§ WHAT NEEDS TO BE DONE: Write out the lines starting at the one that holds "Hergestellt aus Nicht-Edelmetall" and ending with the final line of the data, exactly and with no others.
--- START ---
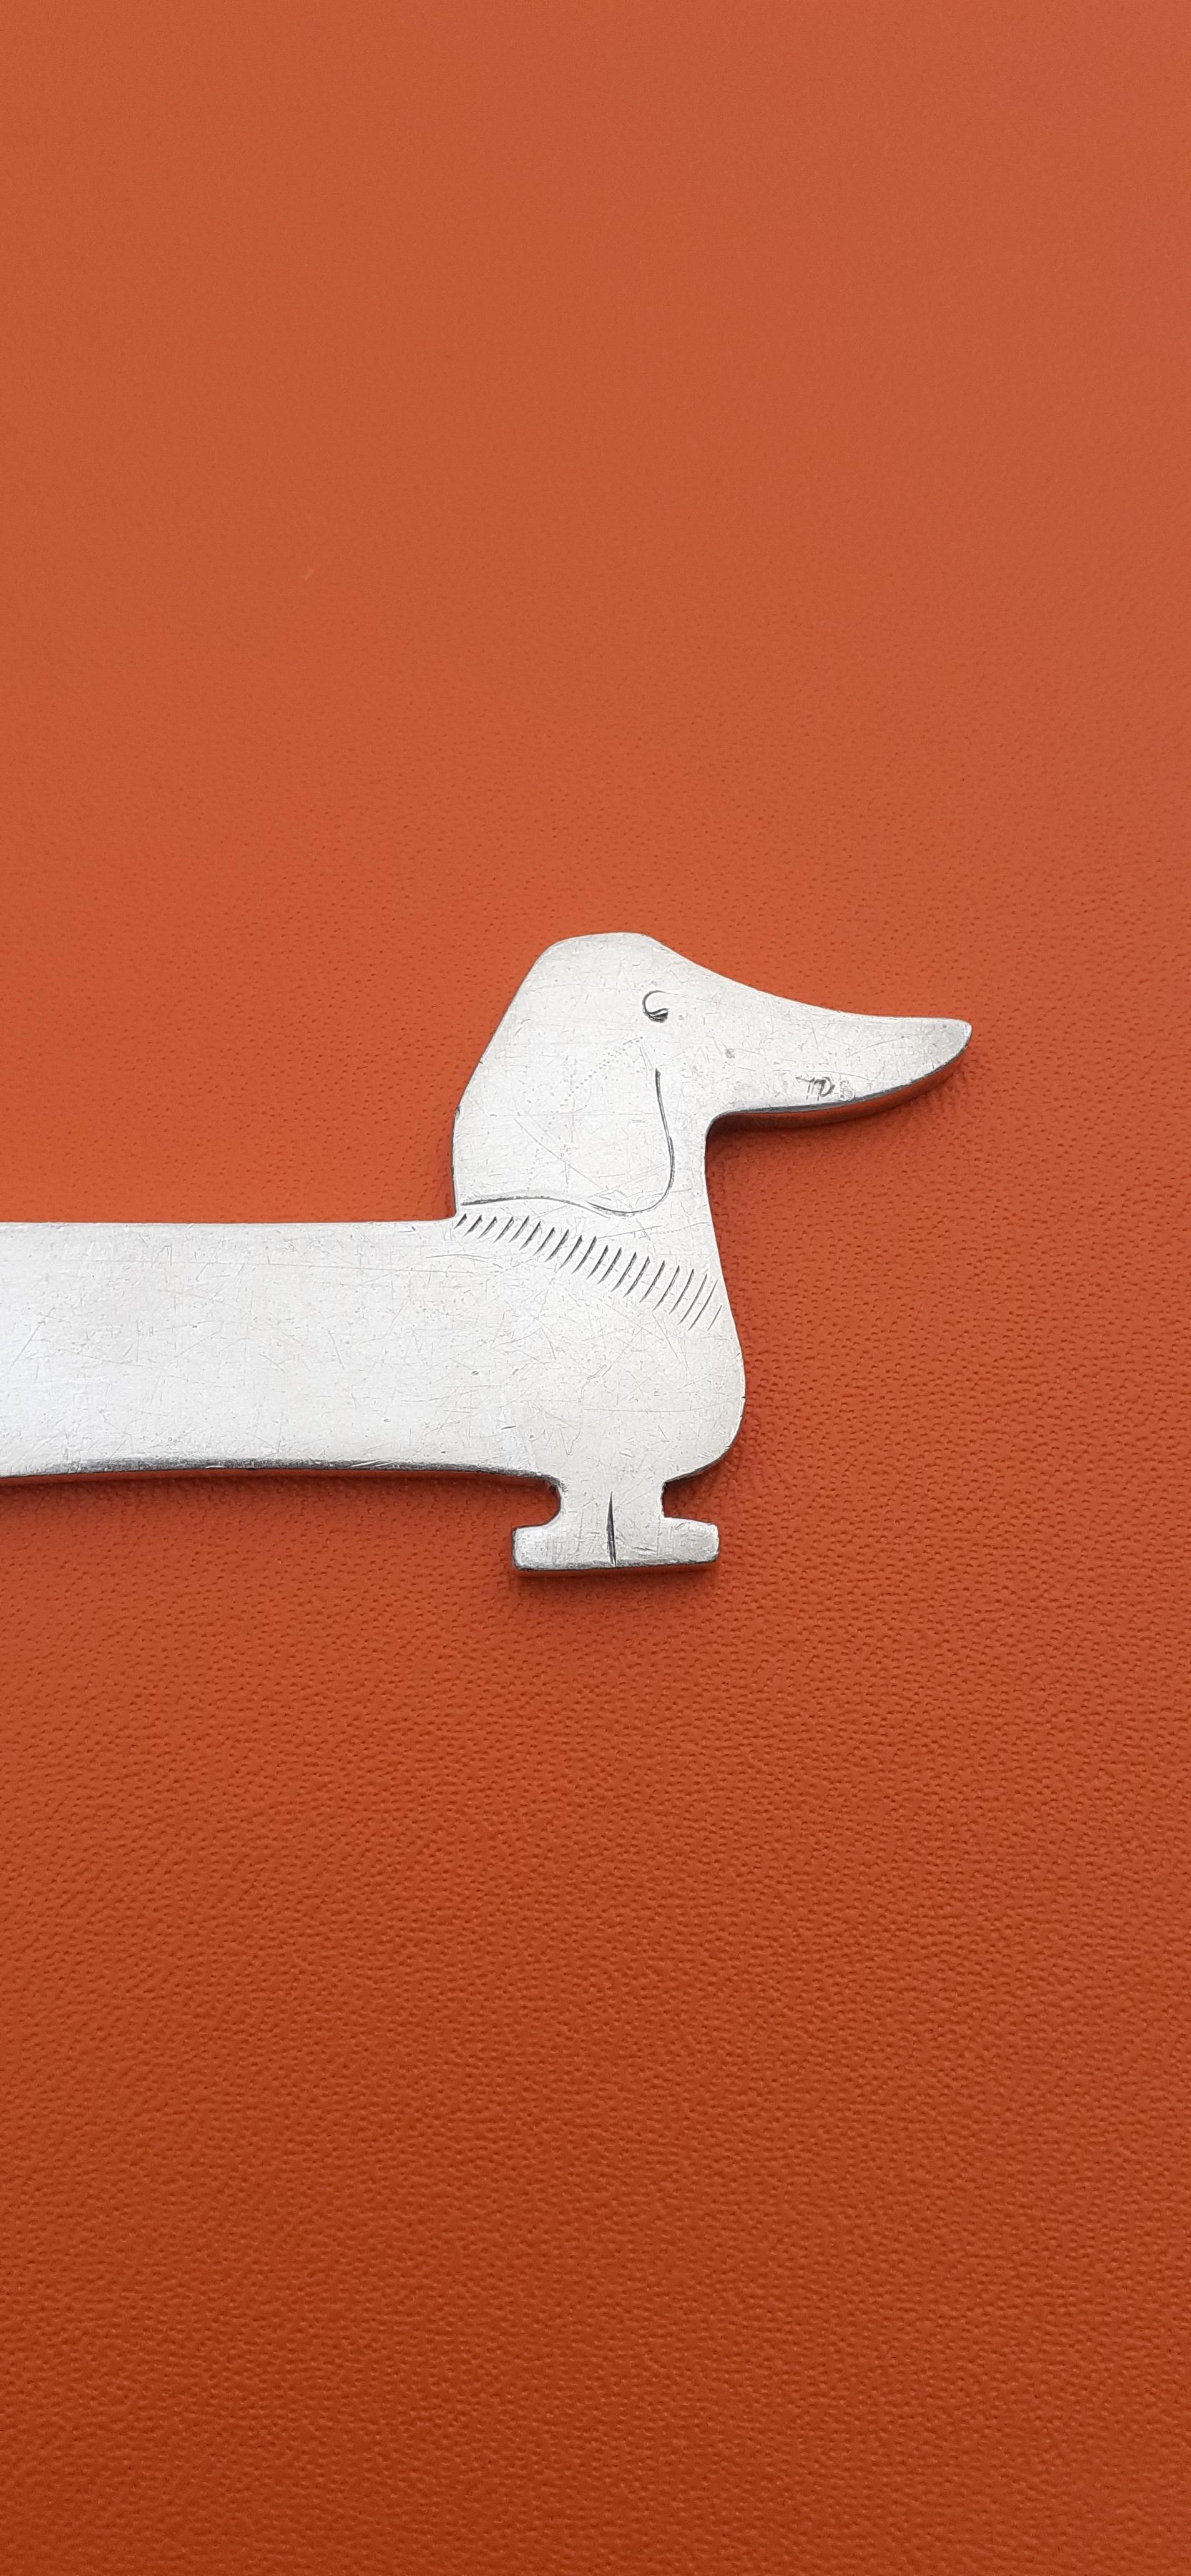 Außergewöhnlich authentischer Hermès Brieföffner

Absolut atemberaubend, ein seltenes Sammlerstück

Dackel Hund geformt

Vintage Artikel ! Super Rare, ein Gral

Hergestellt aus Nicht-Edelmetall

Farbgebung: silbern
--- END ---
§ RESPONSE TO THIS TASK:
Hergestellt aus Nicht-Edelmetall

Farbgebung: silbern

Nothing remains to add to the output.